However, in general agreement with Kelly et al., we found that CEME, a
hybrid of two insect antimicrobial peptides which has both in vitro and
in vivo activity against animal pathogens (21), was also
very effective in killing two common pathogens of coho salmon, V. anguillarum and A. salmonicida. These findings raised
the possibility of utilizing these ectopic peptides through production
in transgenic animals, as has been previously done in plants and mice,
to enhance disease resistance in aquaculture. Although some -helical
peptides related to CEME also had excellent activity, other natural
peptides (including cattle neutrophil indolicidin and bactenecin and
bacterial gramicidin S) had a lower potency against fish pathogens. For
this reason, and to probe the potential advantages offered by
fish-derived peptides, we turned to the flounder-derived peptide
pleurocidin (3).
Pleurocidin was found in winter flounder skin mucus and was shown to be active against both gram-negative and gram-positive bacteria in fish (3). Pleurocidin amide, a C-terminally amidated form, was designed in our laboratory and was found to be more active than the native peptide against different groups of bacteria, including the two fish pathogens V. anguillarum and A. salmonicida. We also studied other peptides, including the fish peptide misgurin (which in our hands was inactive), an N-terminally extended version of pleurocidin (P-1), and some hybrids with misgurin, as well as insect and frog peptides related to pleurocidin.
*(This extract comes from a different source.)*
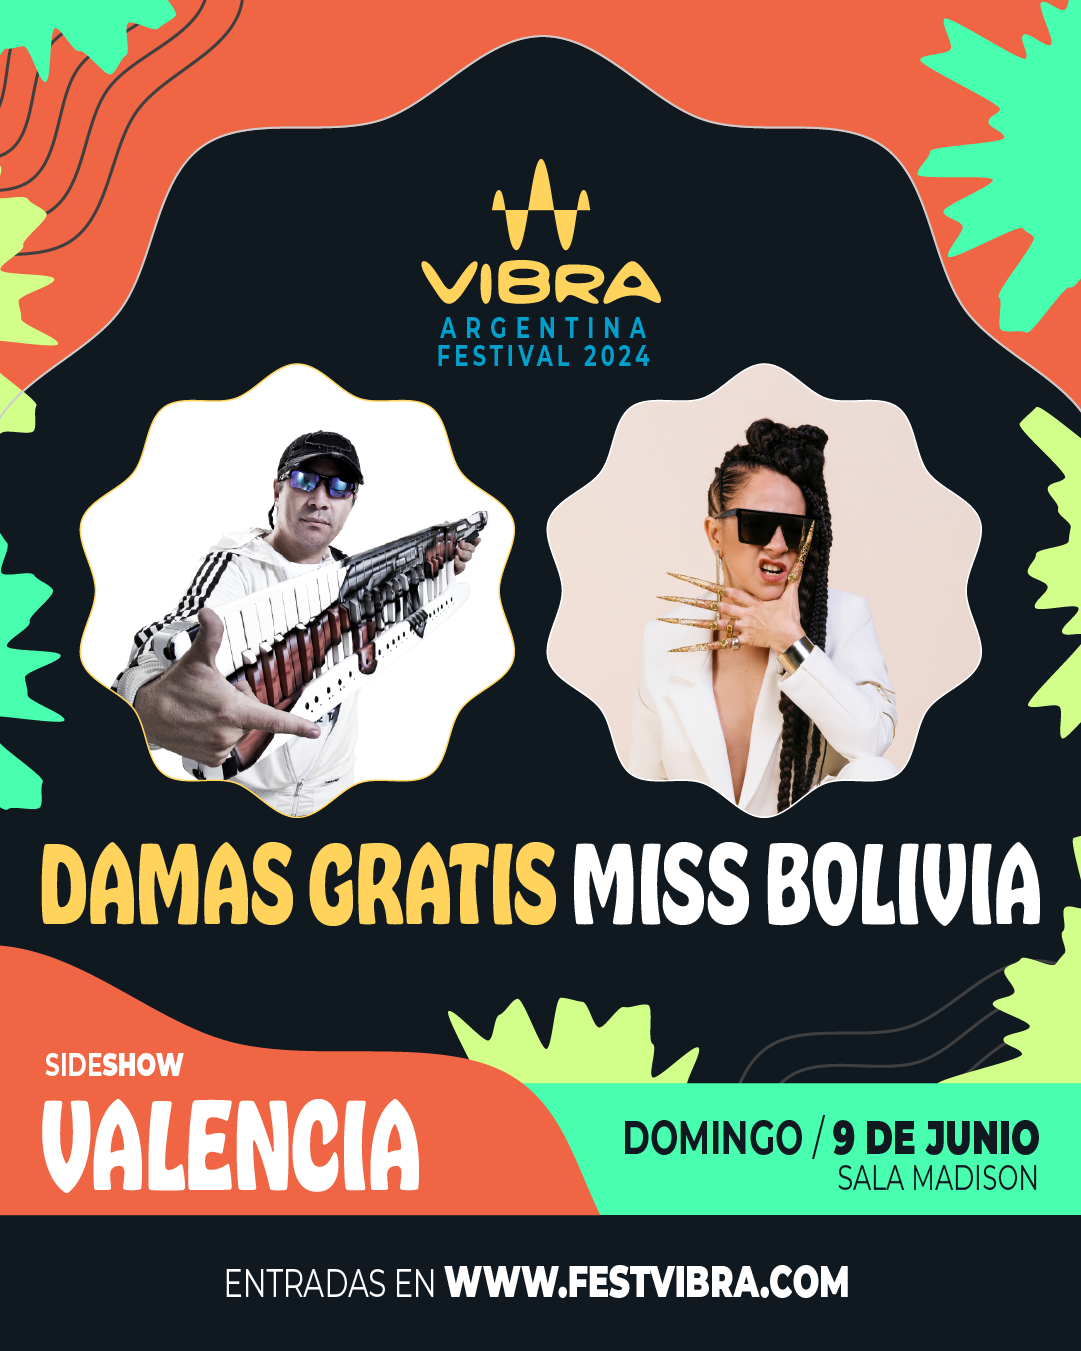 VIBRA ARGENTINA FESTIVAL 2024 en VALENCIA, sala Madison, Domingo 9 Junio Damas Gratis y Miss Bolivia. Entradas y Info: www.festvibra.com

In an attempt to improve the antimicrobial activity of pleurocidin and its related peptides, an effort to design and synthesize a series of different peptide constructs was also made. All three cationic peptide constructs with improved antimicrobial activities (P-DER, P-CN, and P-1-CN) were C-terminally amidated derivatives of pleurocidin. C-terminal amidation has been previously shown to improve the antimicrobial activity of many peptides (5, 16). The improved activities may relate to better lipopolysaccharide binding leading to improved self-promoted uptake across the outer membrane, as demonstrated for the indolicidins (5). Perhaps most surprising was the finding that in our studies the chemically synthesized misgurin exhibited no significant antimicrobial activity and that C-terminal misgurin hybrids showed reduced activities compared to their pleurocidin equivalents. Also, it appeared that the substitution of the N terminus of pleurocidin with the N terminus of dermaseptin had no effect on antimicrobial activity, while the substitution with the N terminus of ceratotoxin decreased this activity. While certain constructs offered some activity against fish and other pathogens, particularly P-DER and P-1 amide, none had sufficient advantages over CEME and pleurocidin amide to merit follow-up in vivo studies.
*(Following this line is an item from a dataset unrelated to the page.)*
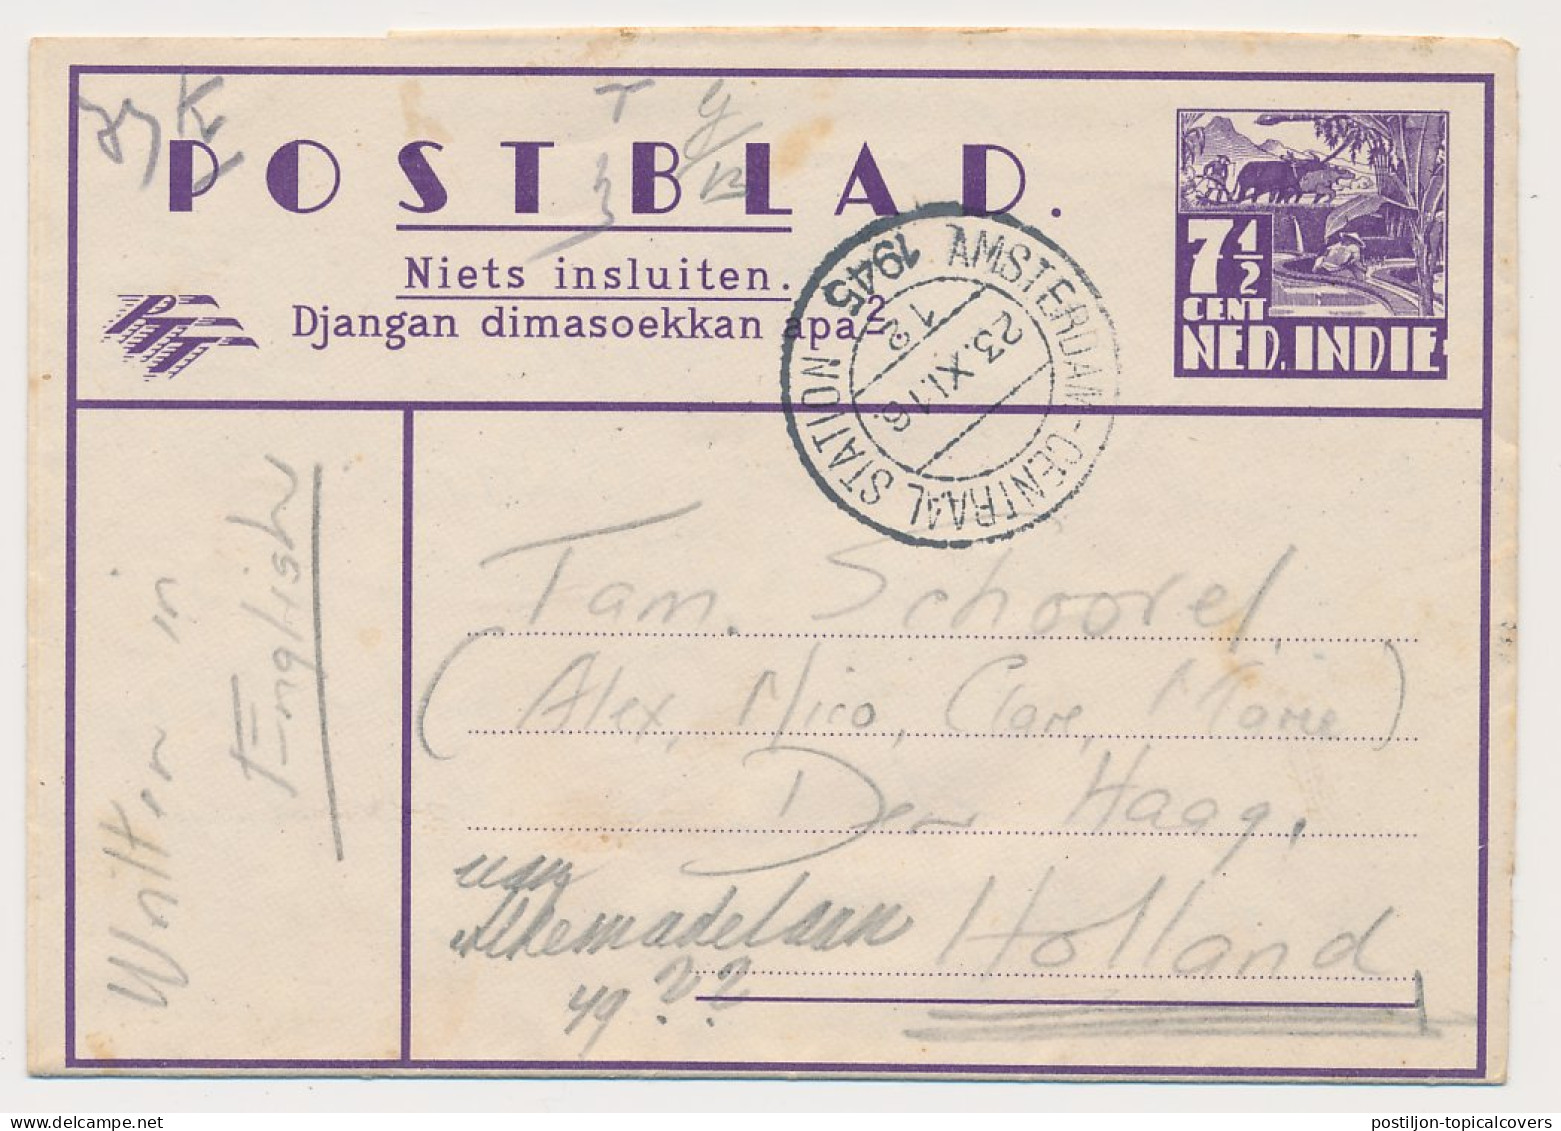 Postblad Camp Lampersari Semarang Neth. Indies - Den Haag 1945 - Indes Néerlandaises

We chose CEME and pleurocidin amide to investigate the potential efficacy of peptides in vivo. Kelly et al. (11) previously found that a single intraperitoneal injection of their peptide LSB-37 did not have a significant effect on survival but that when the peptide was administered over a longer period using osmotic pumps it significantly reduced mortality from E. ictaluri infections of channel catfish (11). Similarly, in our hands, a single injection of CEME did not have any effect, but constant delivery of the peptide via an implanted miniosmotic pump significantly delayed and reduced mortality in V. anguillarum-infected fish. It appears that better protection was obtained when a higher level of peptide was used in protection studies, suggesting that protection was dose dependent. Constant administration of pleurocidin amide also protected coho salmon from a lethal challenge with V. anguillarum, with the accumulated mortality being dramatically reduced from 75 to 5%. These data are consistent with an important role for fish peptides as a part of the fish nonspecific immune response to infections, as inferred for other animals, including insects, and plants. These results indicate that antimicrobial peptides are not particularly effective in single treatments and that constant administration over a certain period may be necessary to make this therapeutic approach successful. While osmotic pumps are clearly not a feasible option in terms of protection of fish from the threats of disease associated with aquaculture, they do mimic the physiological conditions in the bodies of transgenic animals engineered to overexpress peptides. In this regard, the finding that fish peptides are significantly protective is very encouraging because it has been demonstrated that genes derived from as close a species as possible to the host are most efficiently expressed in transgenic fish (4). The best choice would then be to utilize genes encoding fish antimicrobial peptides to produce disease-resistant fish.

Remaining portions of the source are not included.